LANSING, Mich. — Four former legislative leaders said Thursday that Michigan’s per-gallon gasoline and diesel taxes should be increased by 47 cents over nine years to fix deteriorating roads with an additional $2.5 billion in annual spending.
The bipartisan proposal will face resistance in a Republican-led Legislature that previously raised fuel taxes and vehicle registration fees, effective in 2017.
But the ex-leaders, including Democrat Bob Emerson and Republican Ken Sikkema, said it is important to actually improve road conditions instead of trying to do so with half-measures. They said an extra $1.2 billion in transportation funding that is being phased in under 2015 laws falls far short, making the problem worse in the long term and forcing drivers to pay for car damage caused by shoddy roads. Lawmakers, they contended, paid no political price in recent elections for boosting road taxes.
“The problem hasn’t been solved, and it needs to be solved,” said Sikkema, who served as Senate majority leader from 2003 through 2006.
The plan calls for hiking the 26-cents-a-gallon gasoline and diesel taxes by 7 cents in 2020, followed by yearly 5-cent increases through 2028.
Emerson, an ex-Senate minority leader and former state budget director, said no one lost an election in 2016 or 2018 because the gas tax was raised by 7 cents. Others backing the proposal include former Lt. Gov. John Cherry, a Democrat and former Senate minority leader, and ex-Republican House Speaker Paul Hillegonds.
“The only thing I ever heard about was more talk about fixing the damn roads and more talk about health care,” Cherry said, referencing Gretchen Whitmer’s pledge in her 2018 campaign to smooth the roads. The new Democratic governor called for spending $3 billion more on infrastructure by increasing “user fees” by an unspecified amount or by asking voters to approve a bond.
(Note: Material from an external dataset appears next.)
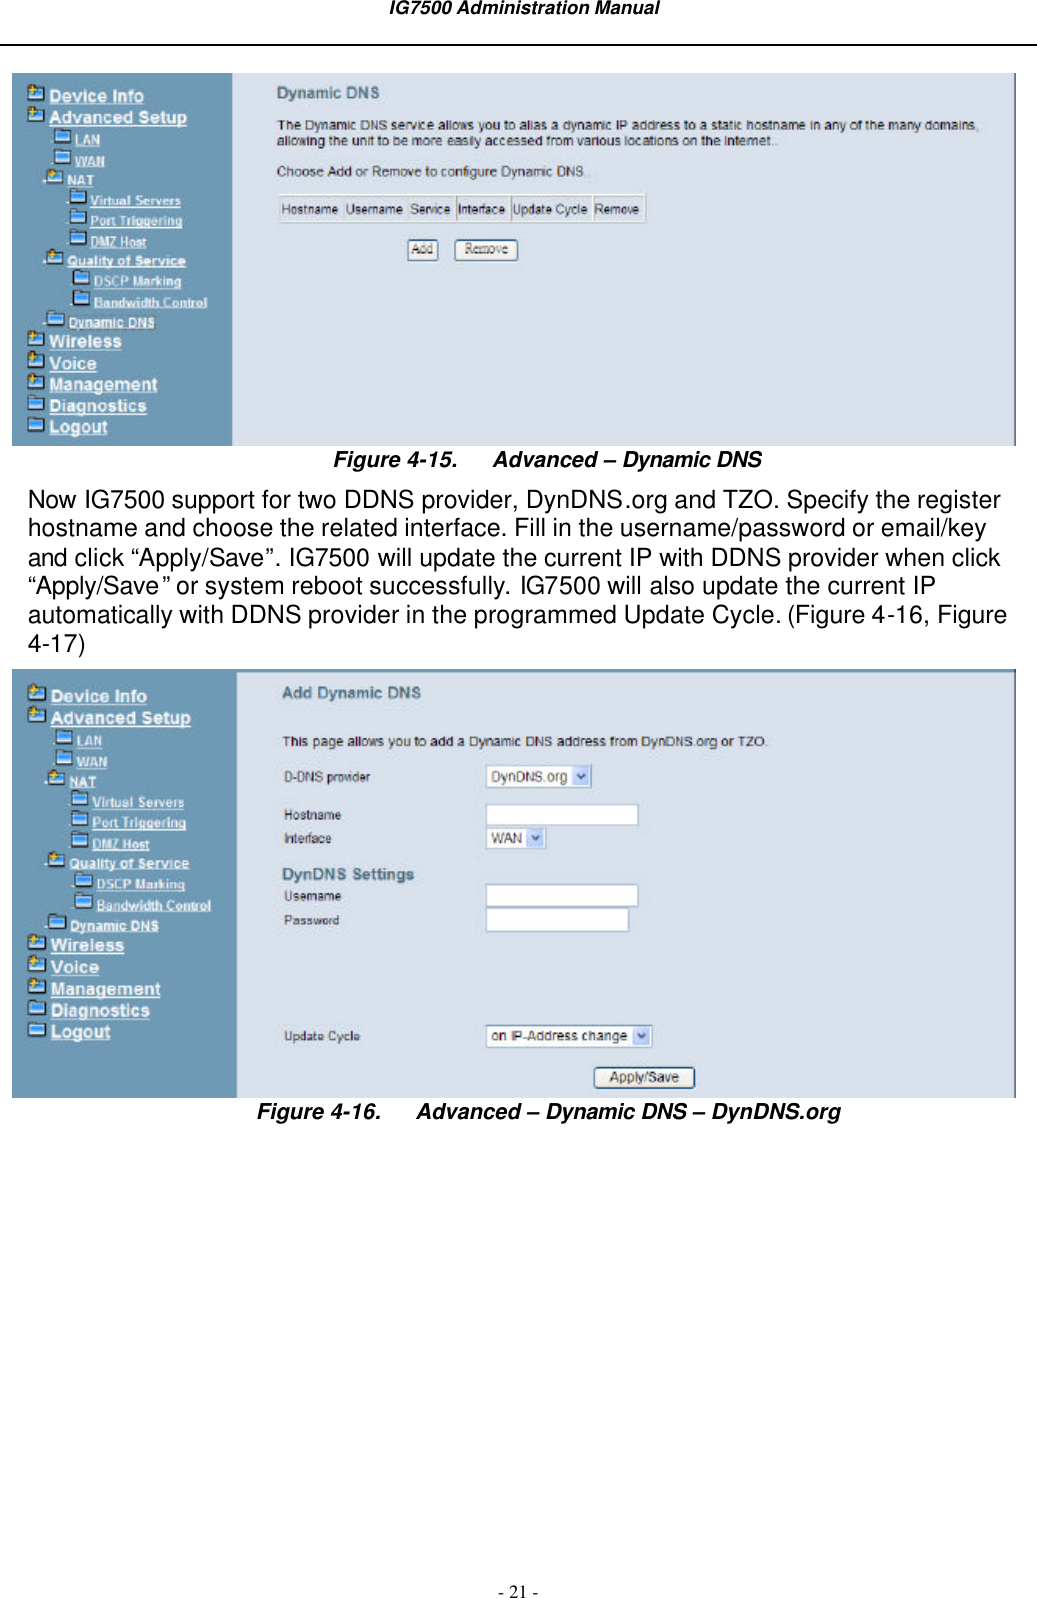  IG7500 Administration Manual  - 21 -  Figure 4-15. Advanced – Dynamic DNS Now IG7500 support for two DDNS provider, DynDNS.org and TZO. Specify the register hostname and choose the related interface. Fill in the username/password or email/key and click “Apply/Save”. IG7500 will update the current IP with DDNS provider when click “Apply/Save” or system reboot successfully. IG7500 will also update the current IP automatically with DDNS provider in the programmed Update Cycle. (Figure 4-16, Figure 4-17)  Figure 4-16. Advanced – Dynamic DNS – DynDNS.org

Her office declined to comment Thursday on the proposed 47-cent fuel tax increase, saying it will not discuss budget items until she presents her first spending proposal in March.
Current Senate Majority Leader Mike Shirkey, a Clarklake Republican, did not embrace the proposal, however.
It “assumes a large increase in the gas tax is a sustainable solution to road funding, but advances in automotive technology make gas taxes an undesirable long-term solution,” he said in a statement. “All the proposed increase does is place a greater burden on families and household budgets without solving road funding for the future.”
The proposal was released in conjunction with the announced formation of the Michigan Policy Consensus Project, which was launched in collaboration with the nonprofit Center for Michigan. The project, which is co-chaired by Emerson and Sikkema, will offer “consensus” policy recommendations in Lansing at a time of divided government.